Saxon geometry initial impressions

As I wrote in an earlier post, we have decided to switch to Saxon geometry for our son. This was done for several reasons. First, he struggled a lot last year with Christian Light Education’s Algebra 1. The explanations were confusing and often included unnecessary steps for him. Second, they did not have the updated Sonrise editions for the math curriculum beyond Algebra 1, which was a preliminary Sonrise edition anyway. We used non-Sonrise editions for some of their other subjects and it didn’t go well. So after several happy years, we went searching for something else.

After viewing several math programs this last spring at the local curriculum fair, he decided to try Saxon geometry. It’s a traditional math textbook without a lot of distracting diagrams, cartoons, etc. Just straightforward explanations, lesson practice sprinkled with enough review so he won’t forget what he learned 2 days ago like some curriculum we have tried.

This was our first week with the Saxon geometry. It started out a bit rough as he got used to the new format as well as the daily school schedule. However, by the end of the week he was getting decent scores on the assignments. Best thing is no more arguing about doing math.

Sneaking math

All of my daughter’s school books have arrived. Not all my son’s have arrived, but his math and carpentry have. The high school items from Sonlight haven’t come in yet. (They were very slow arriving last time we ordered from them too. So keep in mind if you plan on using anything from Sonlight to order early as possible.) We still plan to start school on Monday, August 1 and will just catch up on the late subjects as they arrive.

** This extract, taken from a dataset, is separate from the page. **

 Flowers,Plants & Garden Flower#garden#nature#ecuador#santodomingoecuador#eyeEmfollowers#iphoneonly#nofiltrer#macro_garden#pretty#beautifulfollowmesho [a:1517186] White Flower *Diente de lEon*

However, the kids’ have both been literally begging to start their math. This is surprising considering how much my son struggled last year and my daughter usually does not like to do it. Night before last I saw my son’s bedroom light still on late so I went to see what he was up to. I was expecting him to be reading or perhaps drawing. Nope! He was doing the second lesson of his geometry at nearly 11pm LOL

When I told him to quit and get to bed, he begged to finish. He says he likes the Saxon math better than the other programs we have used. Hopefully that means less trouble this year with math. However, I knew he needed sleep more than geometry so I praised his enthusiasm for what he had done but told him to finish it at a more appropriate time.



Plans for 2012-2013 school year

Where has the school year gone? Between Richard being sick and our vacation this spring, we have fallen rather behind. That means we will be doing summer school to finish up. If everything goes well, we will be living on our boat which means fewer distractions demanding our attention. Hopefully that will allow us the time needed to get everything done.

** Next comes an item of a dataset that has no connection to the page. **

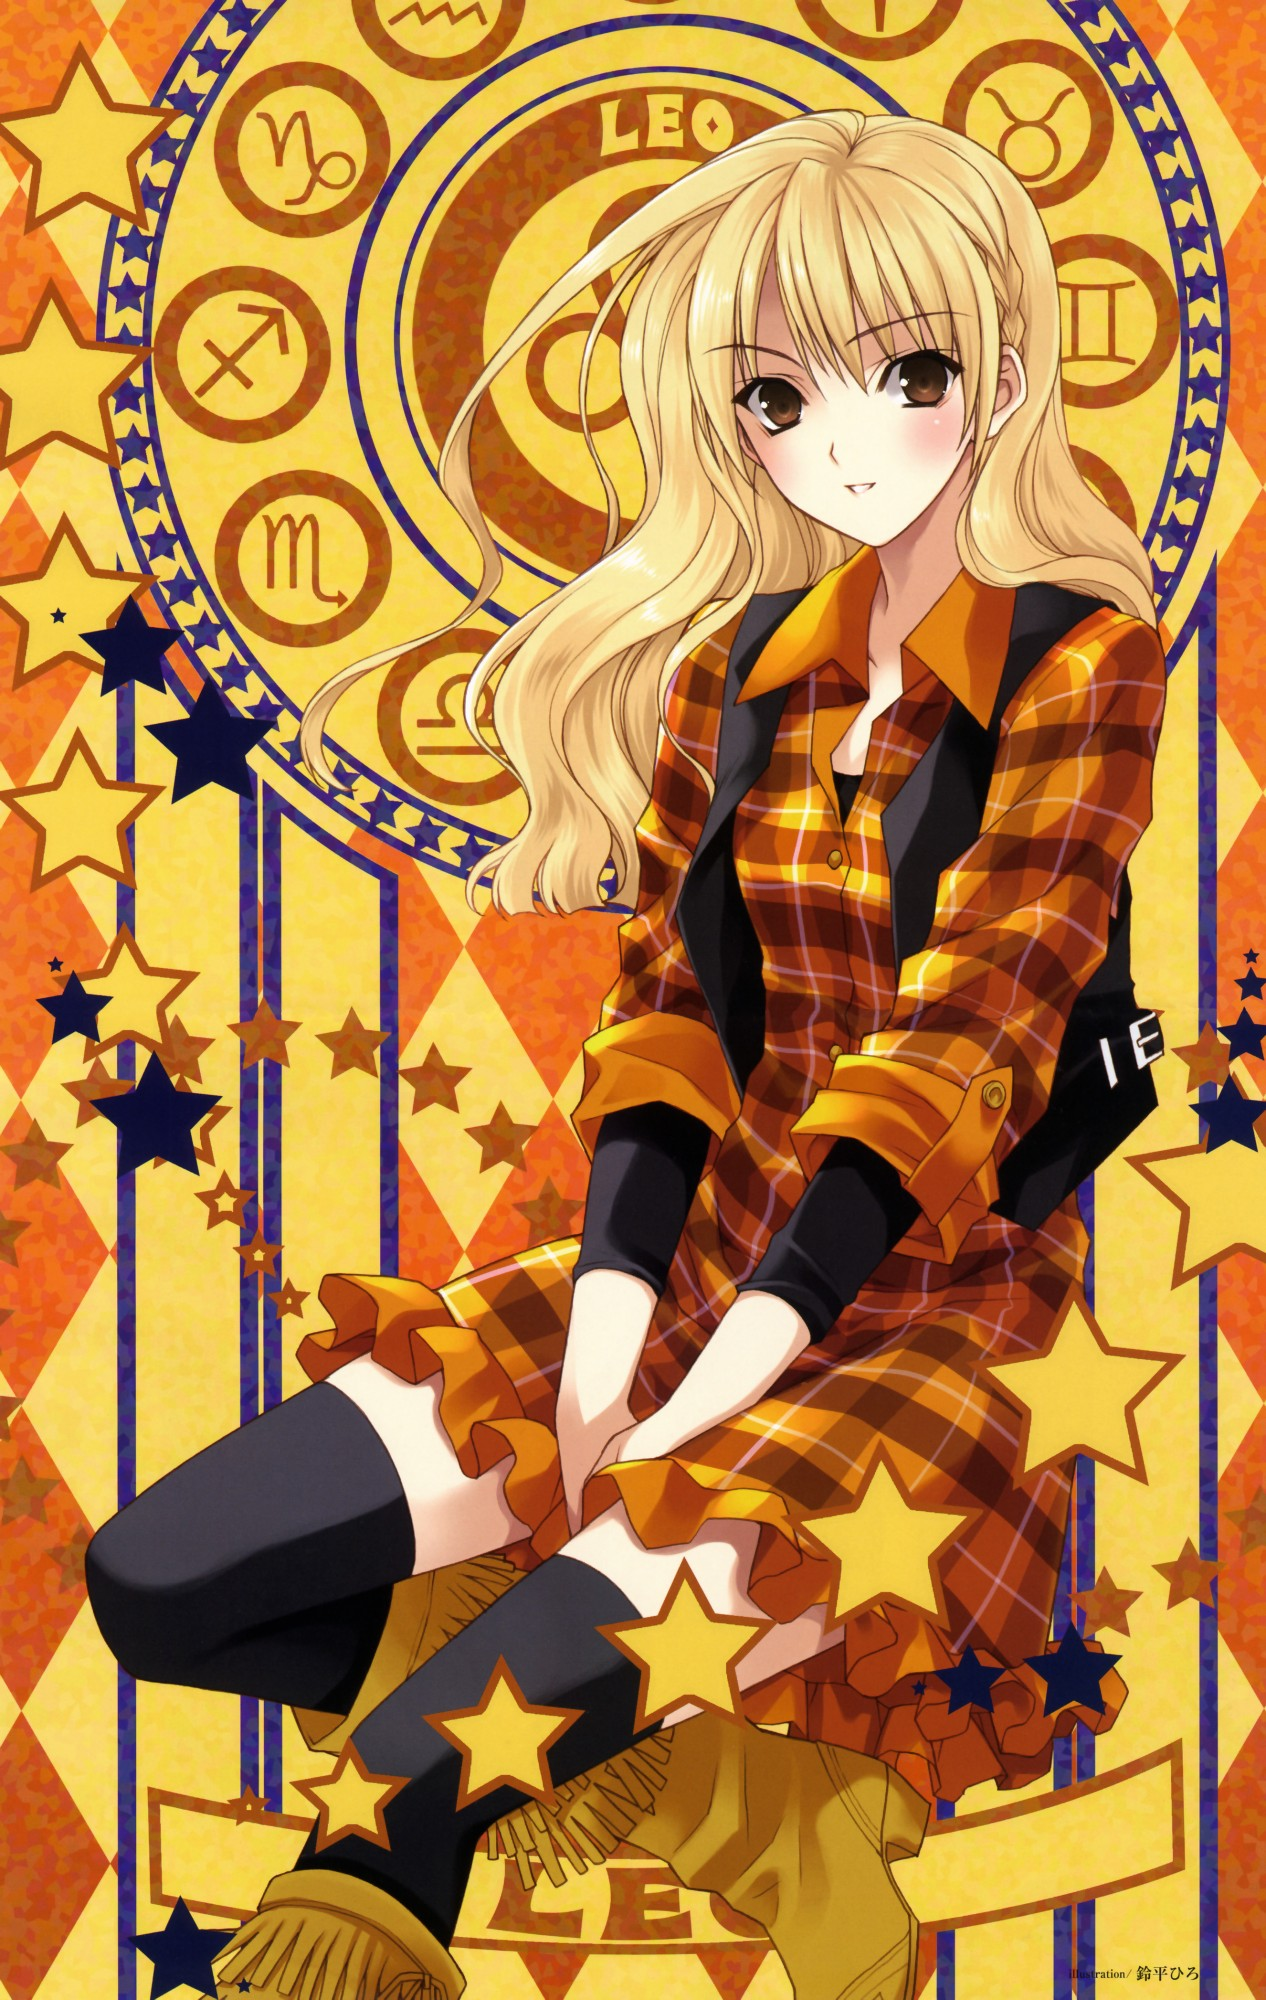 Leo Zodiac Mobile Wallpaper 6906 Zerochan Anime Image Board

Even if we don’t quite manage to finish up, I still need to decide what they will be doing for next year. They will be in 3rd and 6th grade. Hard to believe Richard will be half done with school.

They will continue with Christian Light Education for reading, language arts, and Bible. Karen will probably also use them for math since she is doing better since I switched her into it. Richard will do Math-U-See level Zeta which covers decimals and percents. I always struggled with that so it will be good for me to review it with him.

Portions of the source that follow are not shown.